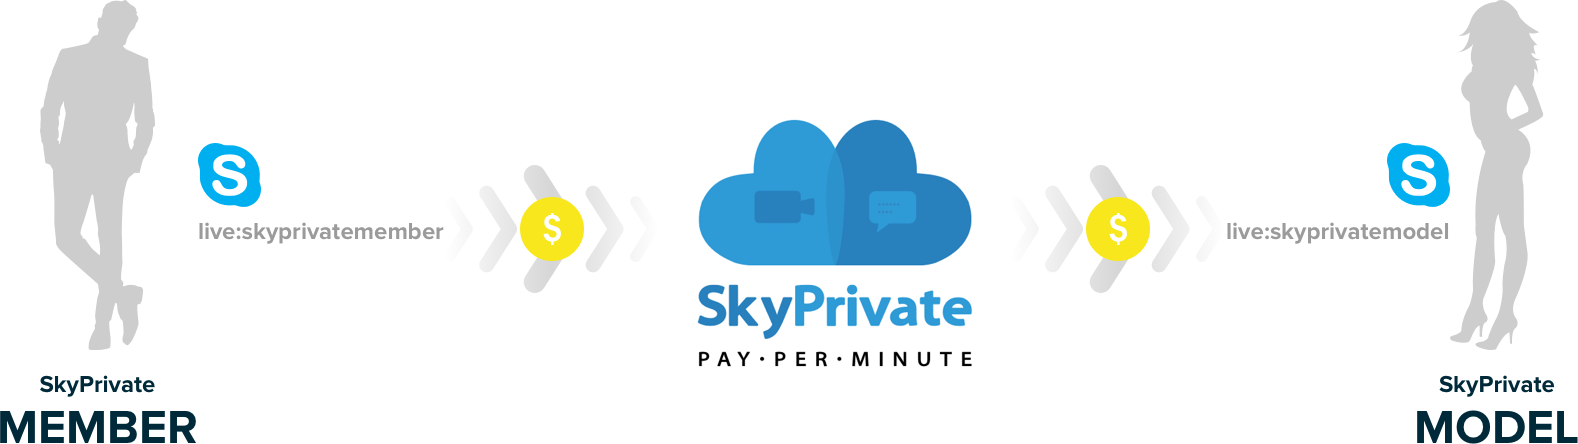 skyprivate skype pay per minute money transfer from member to model
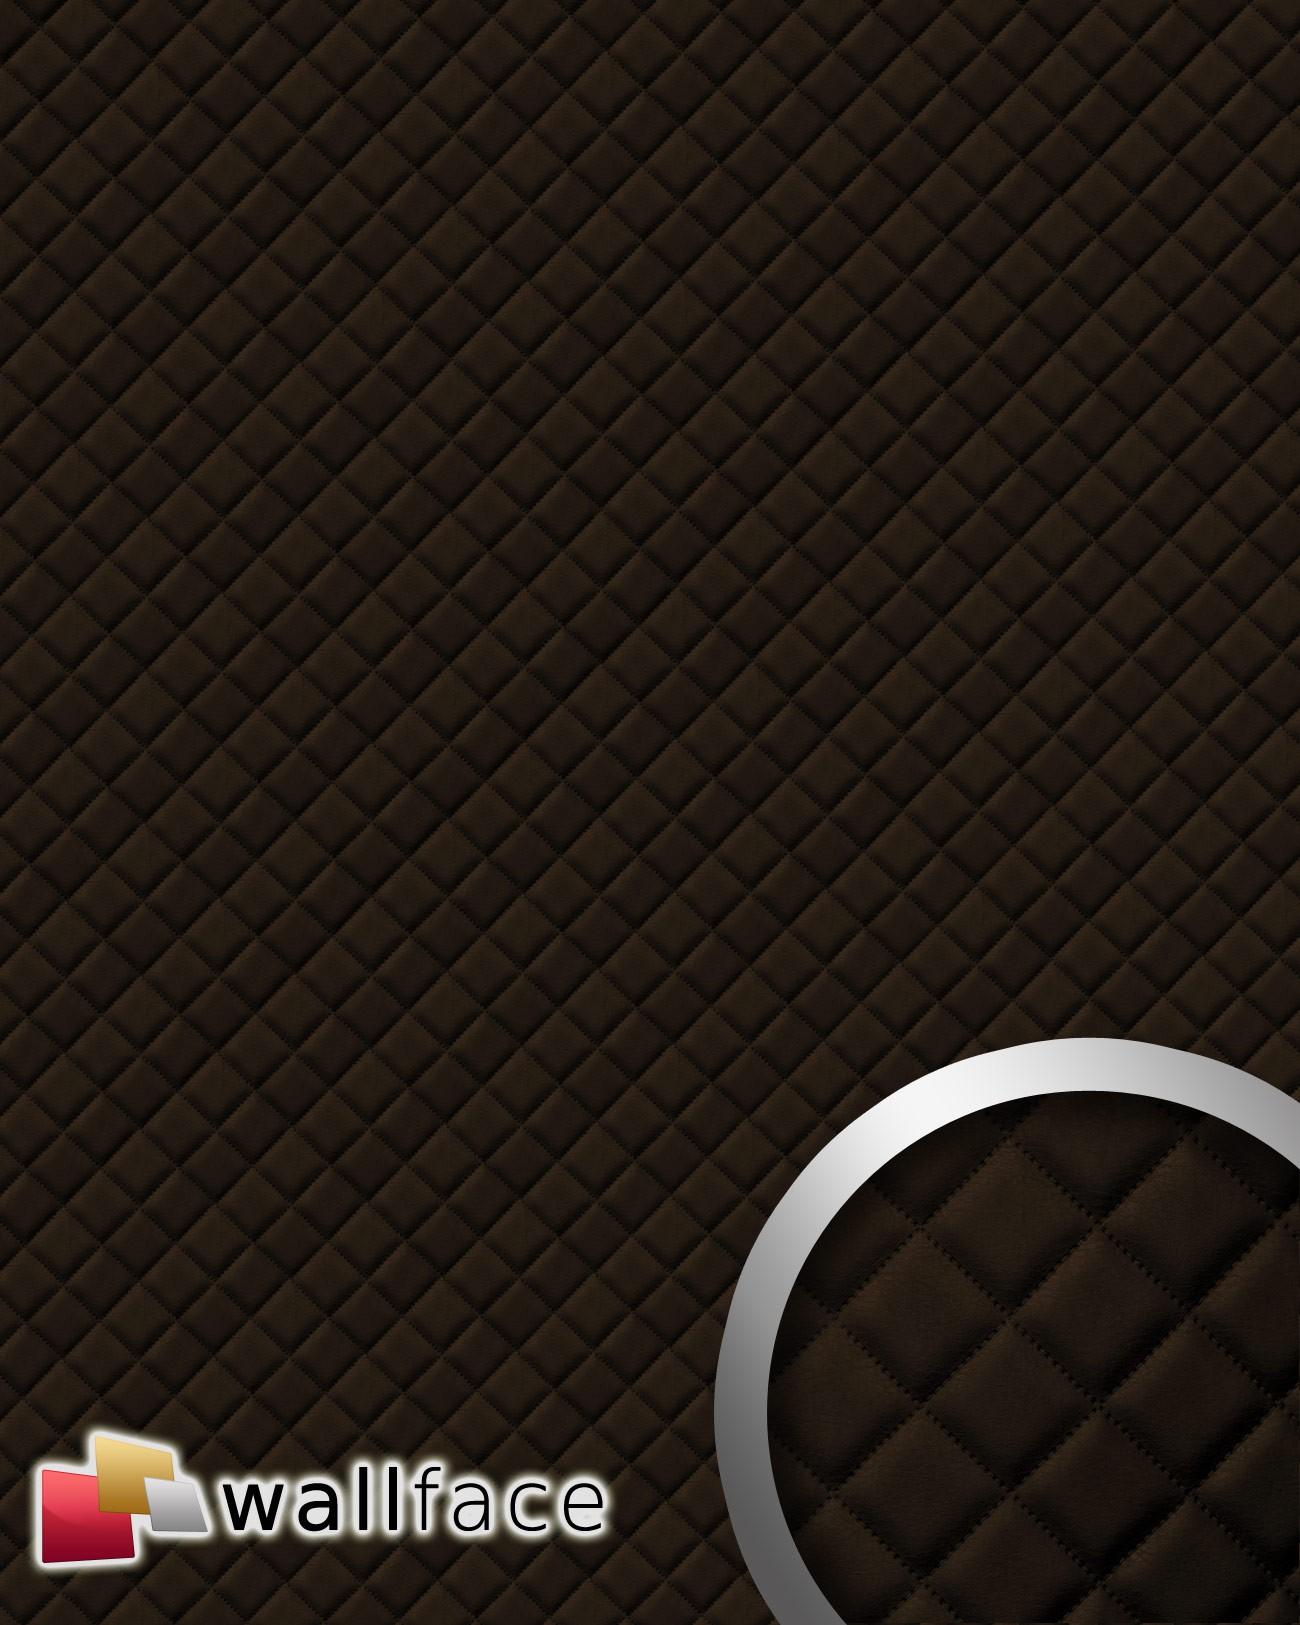 Panou Decorativ Leather 15036  Wallface  Autocolan
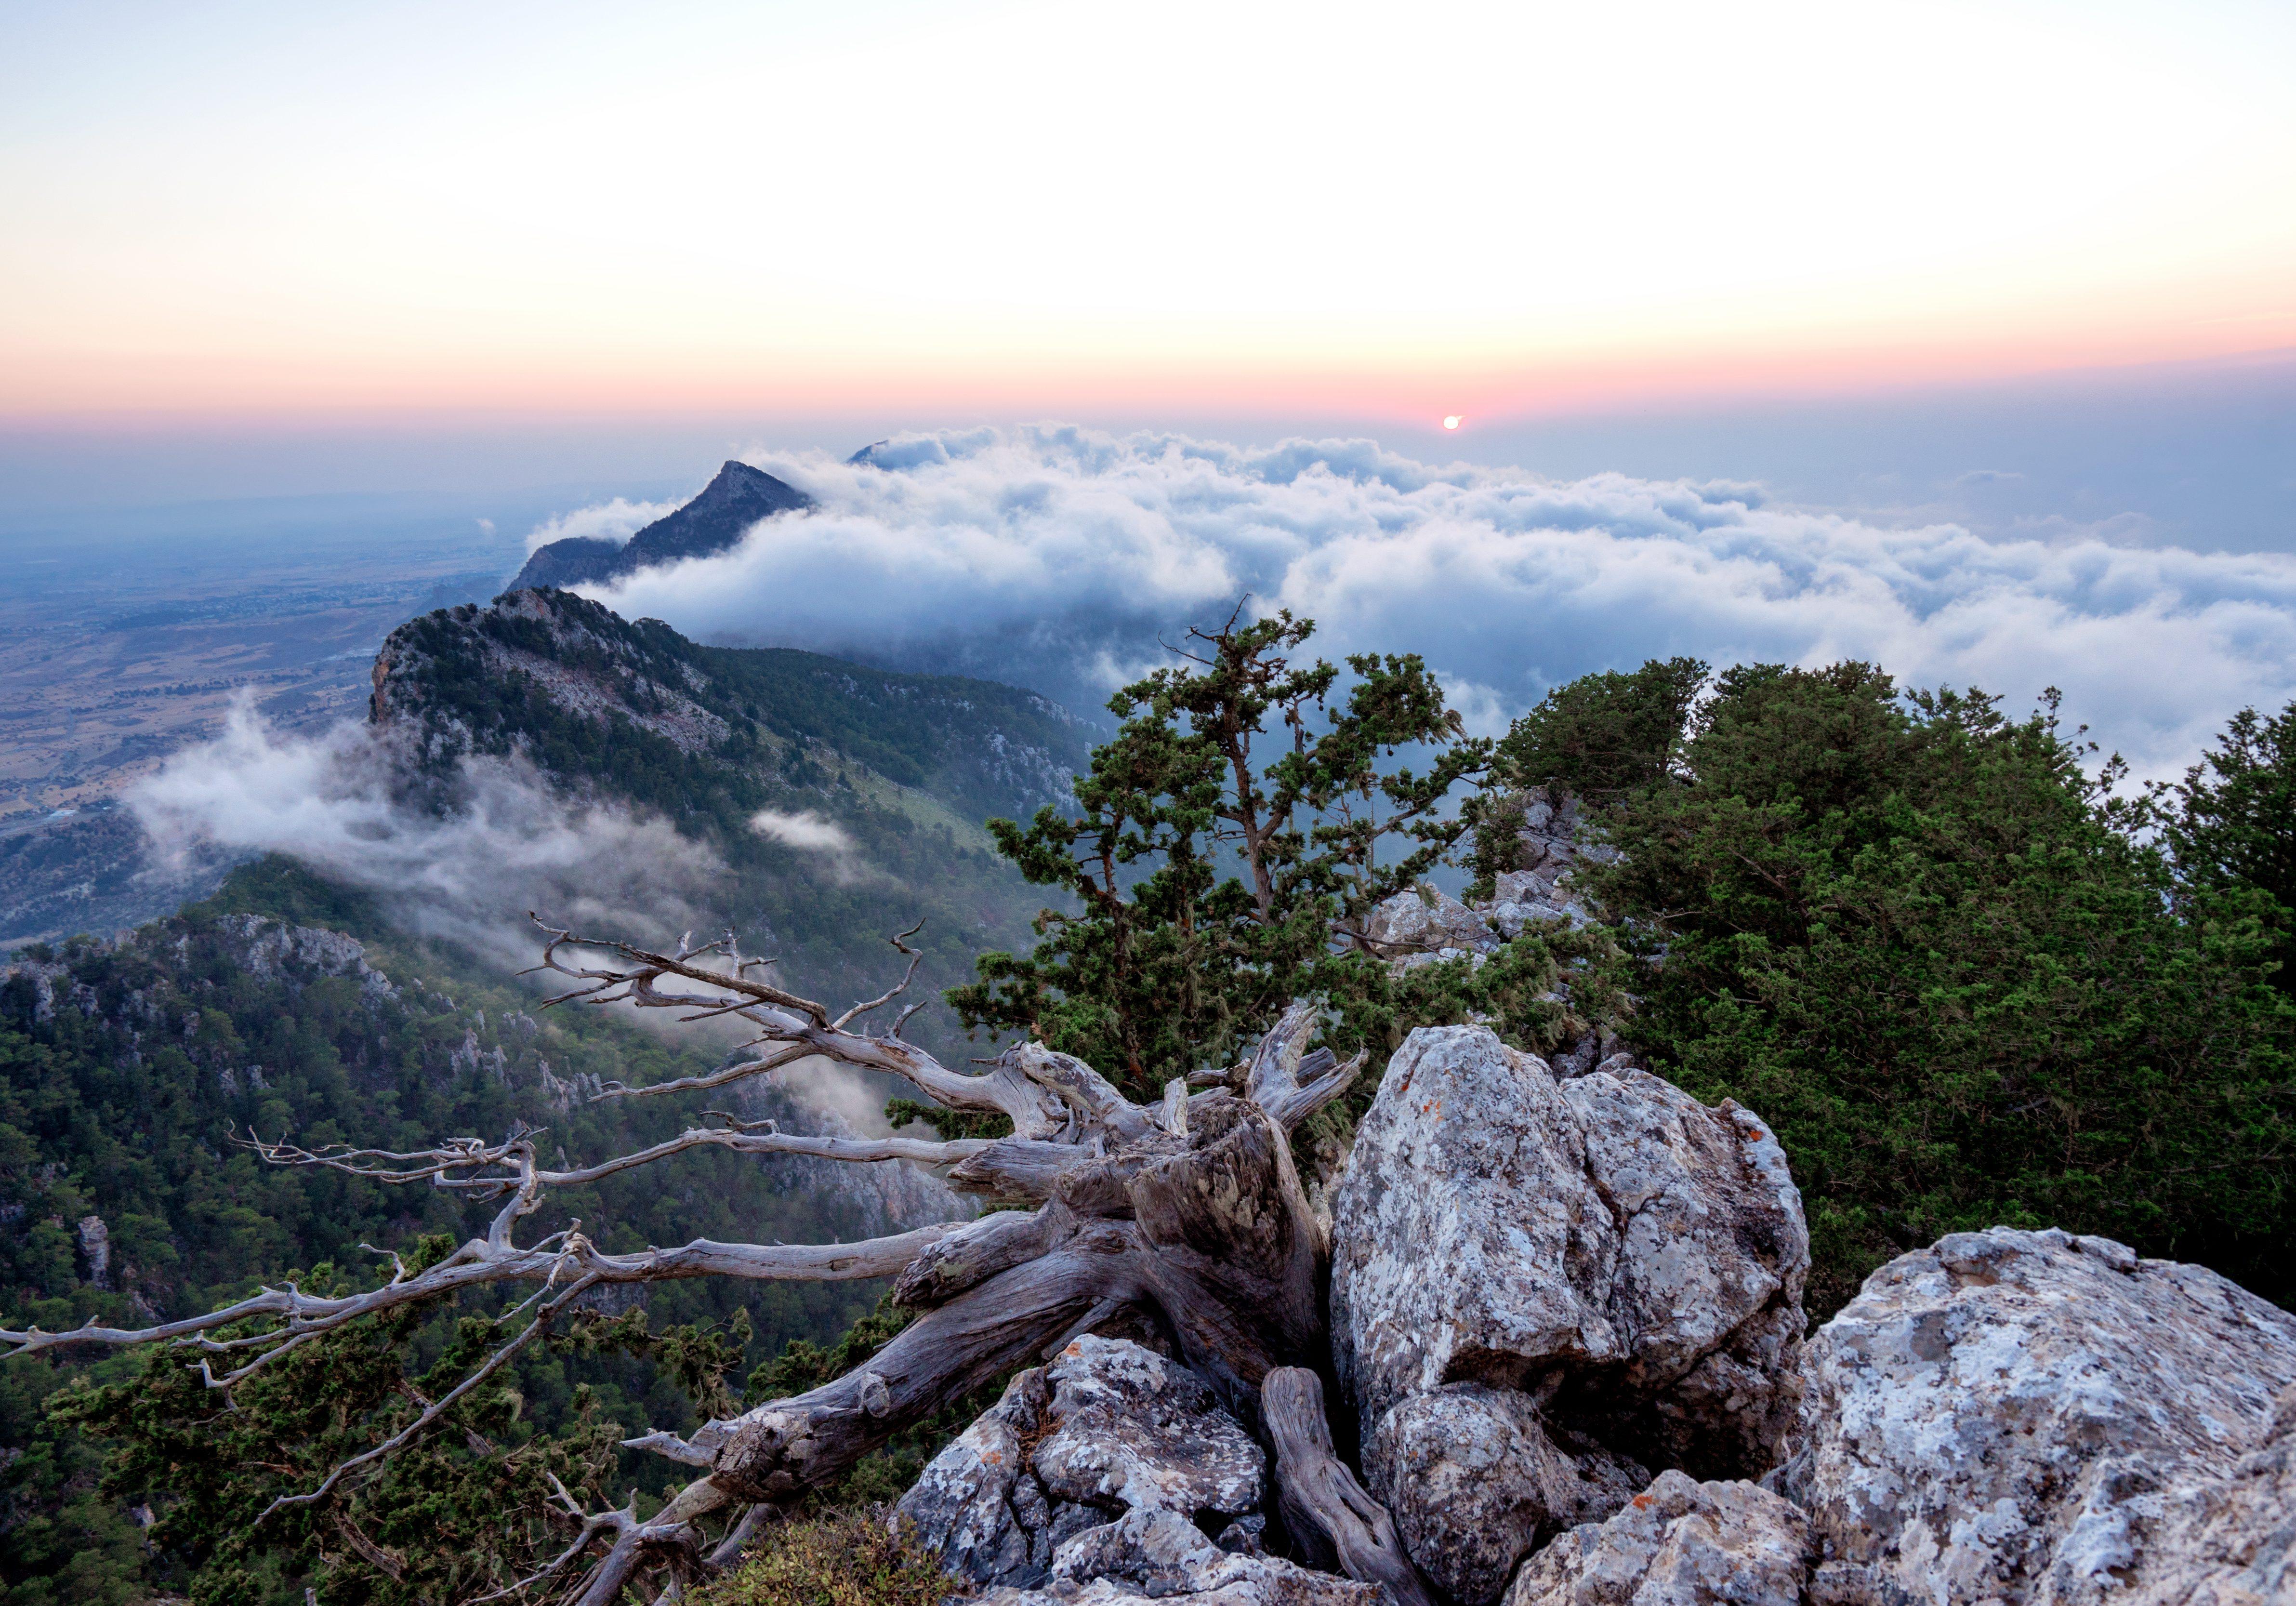 Sunset on the top of Kirenya Mountains, Northen Cyprus
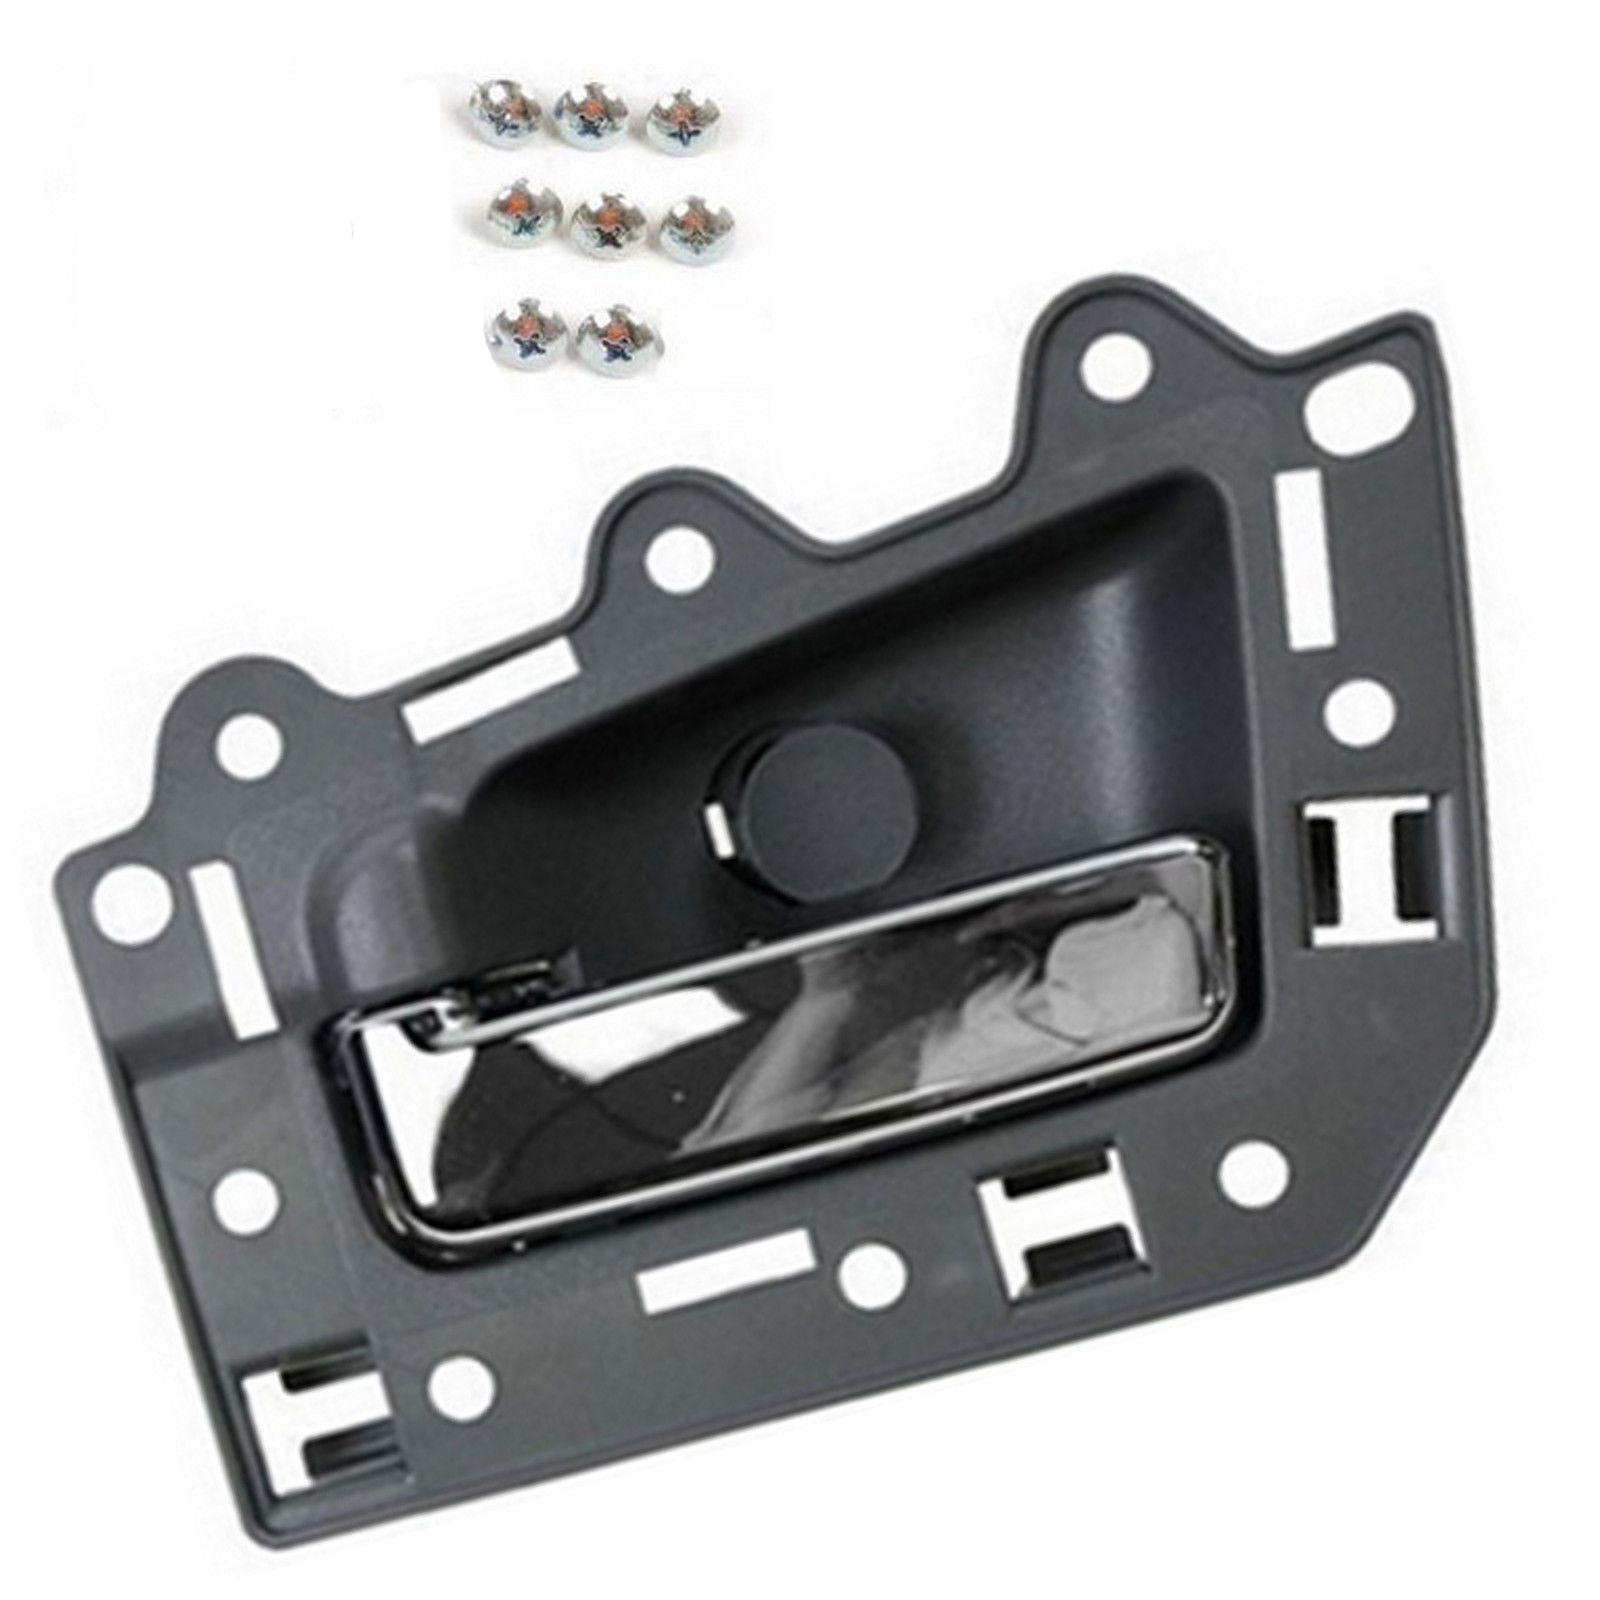 For 05-11 Jeep Grand Cherokee BJ0007 Rear Left Inside Door Handle Gray /& chrome

- [Aim of the task]:
Reproduce the data verbatim. Do not carry any picture into the copy.

- [Solution for this task]:
 skyprivate skype pay per minute money transfer from member to model
 Panou Decorativ Leather 15036  Wallface  Autocolan
 Sunset on the top of Kirenya Mountains, Northen Cyprus
 For 05-11 Jeep Grand Cherokee BJ0007 Rear Left Inside Door Handle Gray /& chrome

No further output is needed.